К а р а к а ш. Ну, а бабушки там всякие, дедушки, тетки?
Г а н я. Этих нет.
Опять помолчали.
К а р а к а ш. Да. Когда мне четырнадцать пробило, мать такой банкетище устроила! Морковный чай, трубочка сахарина, повидло. Упругое такое, как резина. Мы его отцовским клинком рубили. Ребята мне подарки принесли — кто бабочку, кто чучело петуха, кто старый наган. А один инвалид перочинный ножик подарил. Чудесный такой ножик — десять предметов: два ножа, штопор, шило, ножницы, отвертка… Подержи-ка бутылки. Я покурю. Ты куришь?
Г а н я. Нет.
К а р а к а ш. Ты вот что… Говоришь, свободен сегодня вечером?
Г а н я. Как это?
К а р а к а ш. Ну, нет там у тебя никаких слетов, съездов, костров?
Г а н я. Нет.
К а р а к а ш. Как тебя?
Г а н я. Ганя.
К а р а к а ш. Дальше.
Г а н я. Семушкин.
К а р а к а ш. Приходи, Семушкин, ко мне в сорок девятую квартиру после школы. Отпразднуем твой день рождения. Правда, твоих сверстников не будет. Но это неважно. Будут мои сверстники.
Г а н я. Значит, сегодня ваш день рождения тоже?
К а р а к а ш. Нет, просто встреча друзей детства. Кончили вместе школу, разошлись, разлетелись, встретились через пять лет, потом еще через пять лет… не встретились. Куда там! Все заняты. А сегодня третья встреча. Списались, договорились, узнали адреса. У меня все и соберутся.
Г а н я. В сорок девятой?
К а р а к а ш. Да.
Г а н я. У Лидии Васильевны?
К а р а к а ш. Я ее сын.
Г а н я. А я ее ученик.
К а р а к а ш. Видишь, как хорошо!
Г а н я. Вы прокурор на Южном Урале? Всеволод Каракаш.

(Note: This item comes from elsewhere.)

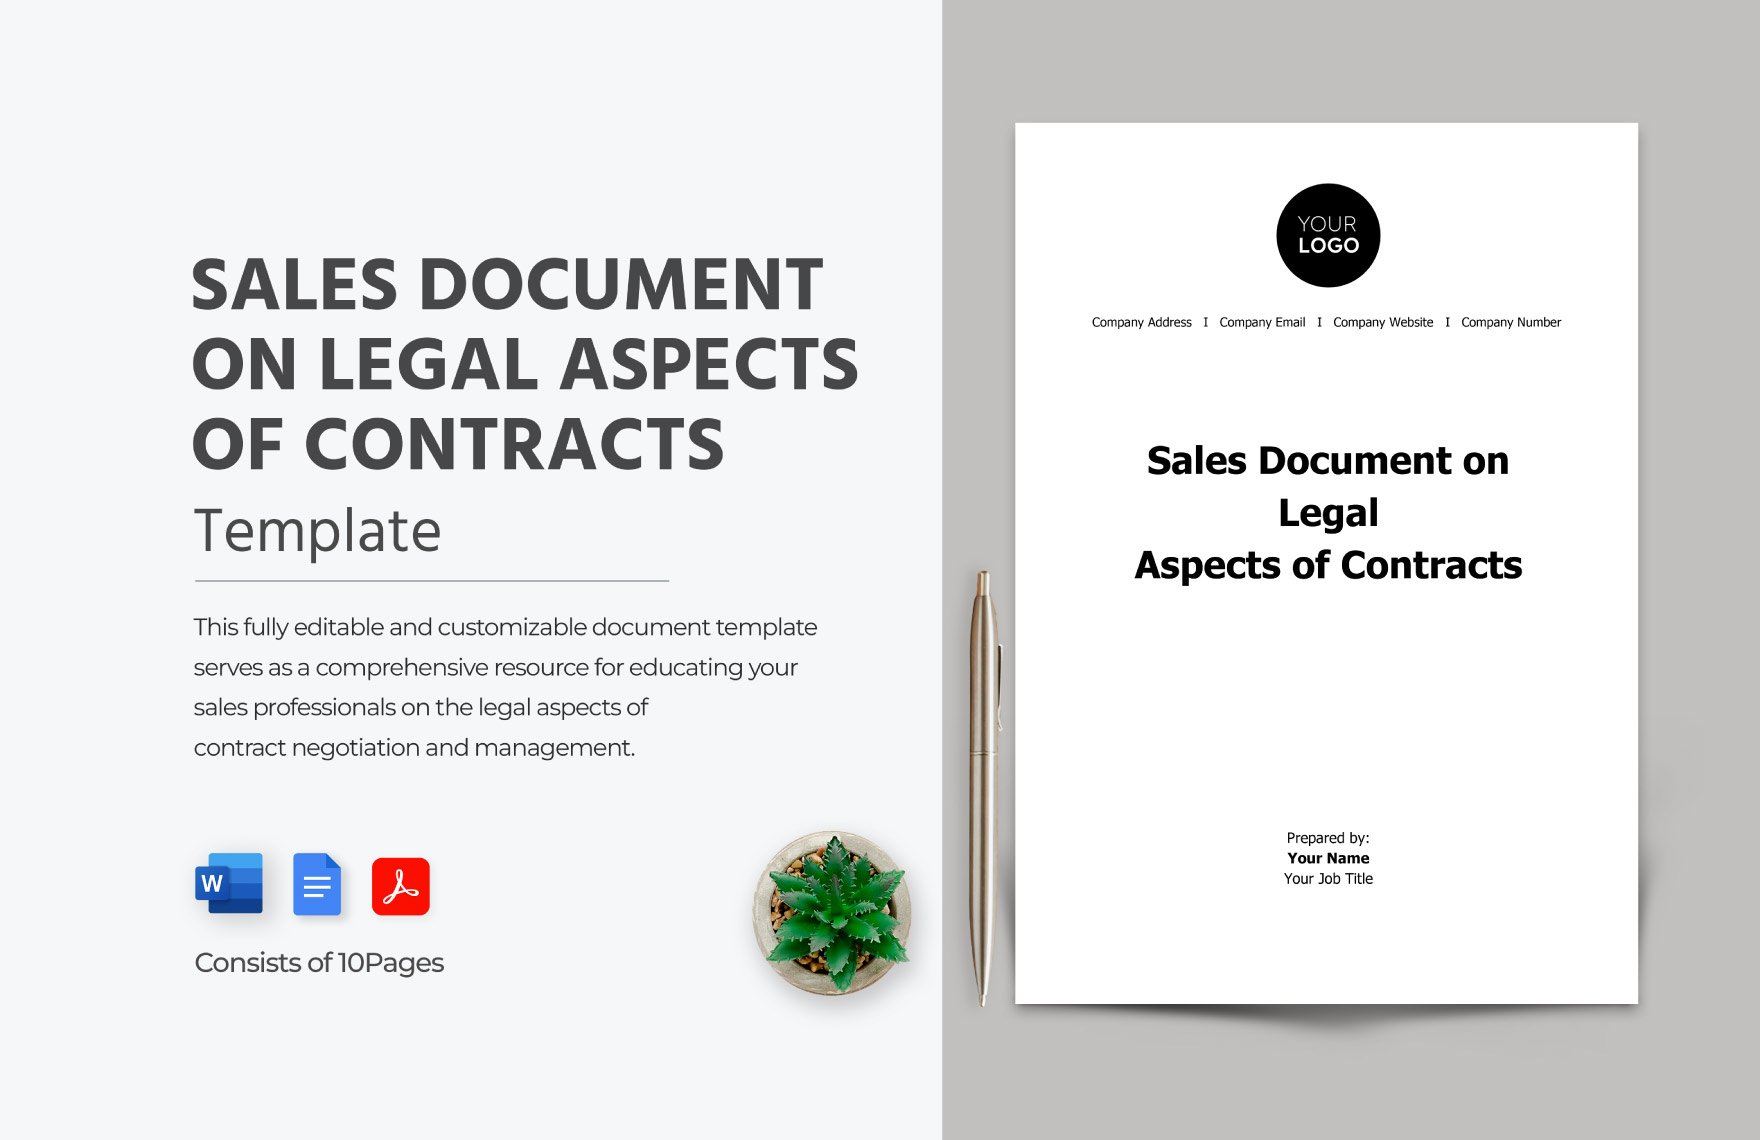 Sales Document on Legal Aspects of Contracts Template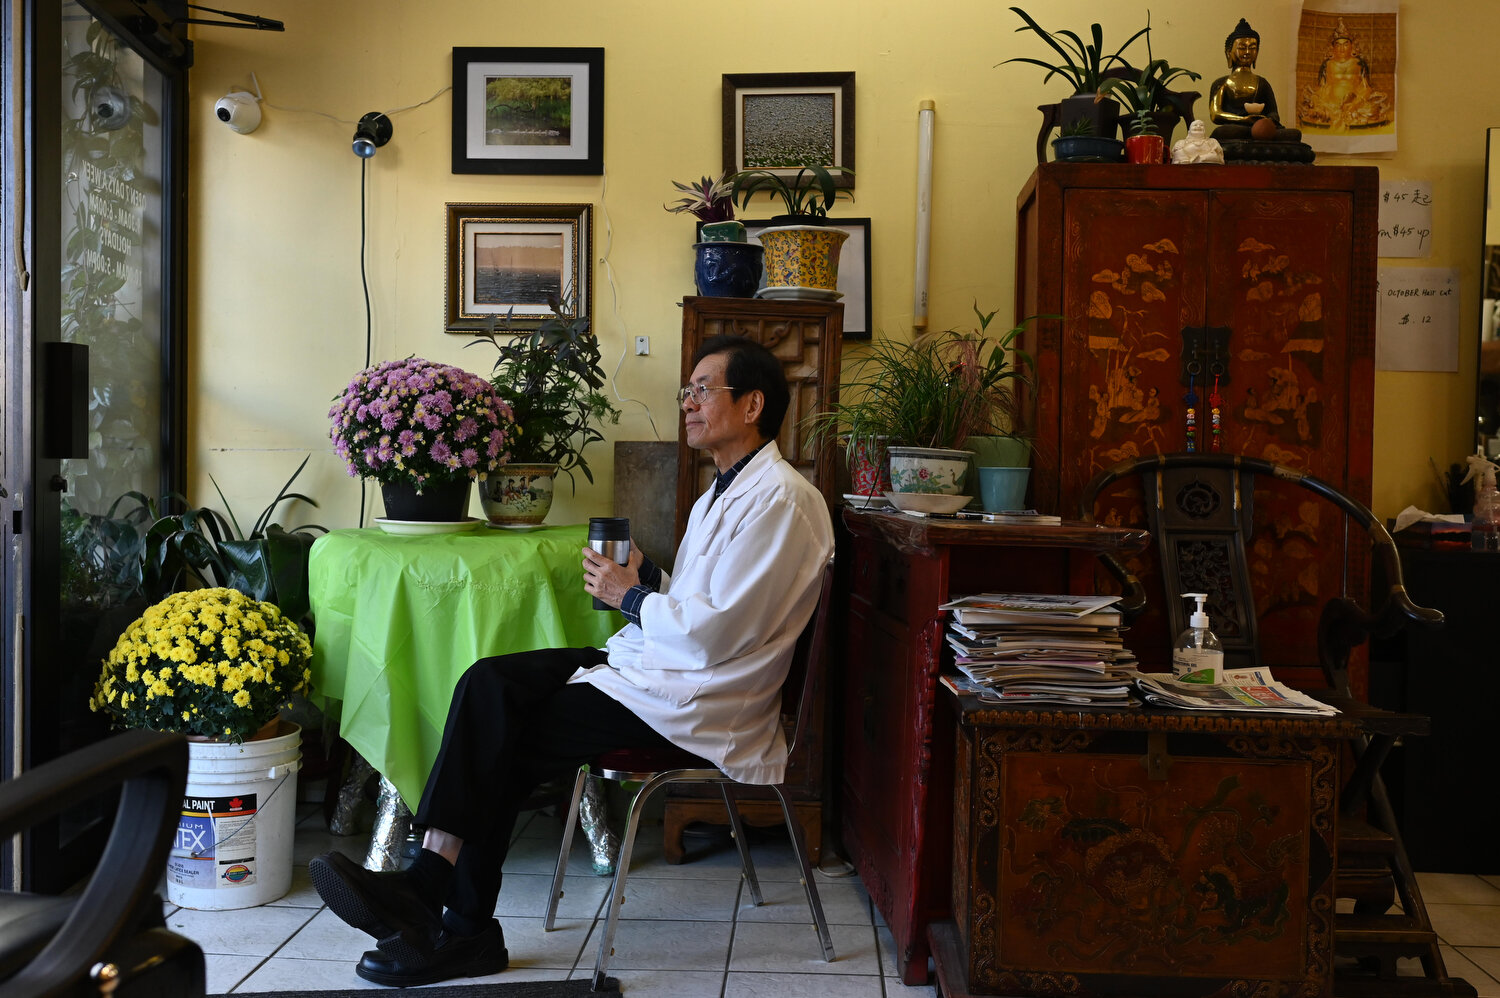  Over the years, Wong often takes his break with a warm drink and sits in this chair, looking out onto Gore Avenue. “Chinatown has changed over the years, sometimes so quickly I cannot keep up. It feels like the old cultural sights are being erased f

К а р а к а ш. А ты почему знаешь?
Г а н я. Она про вас говорила. Пять дней назад. Сперва про греков, про Алкивиада, потом про вас…
К а р а к а ш. На уроке?!
Г а н я. Нет. Про греков на уроке, а в переменке про вас. Как вы врагов вскрывали, гнойники разные. Вас травили, а вы всех перебороли. Вроде Алкивиада.
К а р а к а ш. Ну, ты, брат, истории не знаешь. Вот я маме скажу. Алкивиад был жулик, предатель, карьерист. Вроде Чан Кай-ши. А ты меня с ним сравниваешь.
Г а н я. Потому что я не успел еще приготовить.
К а р а к а ш. У тебя когда занятия начинаются?
Г а н я. В половине третьего.
К а р а к а ш. А сейчас двадцать семь минут…
Г а н я Батюшки!.. (Бежит к воротам.)
К а р а к а ш. Значит, придешь вечером?
Г а н я. Ладно! Приду! (Убегает.)
К а р а к а ш (Филину). Тут будут спрашивать, где живет Каракаш, не забудьте — сорок девятая квартира.
Ф и л и н. Я знаю.
К а р а к а ш. Я у вас в будке оставлю свертки, а сам за цветами побегу! (Уходит.)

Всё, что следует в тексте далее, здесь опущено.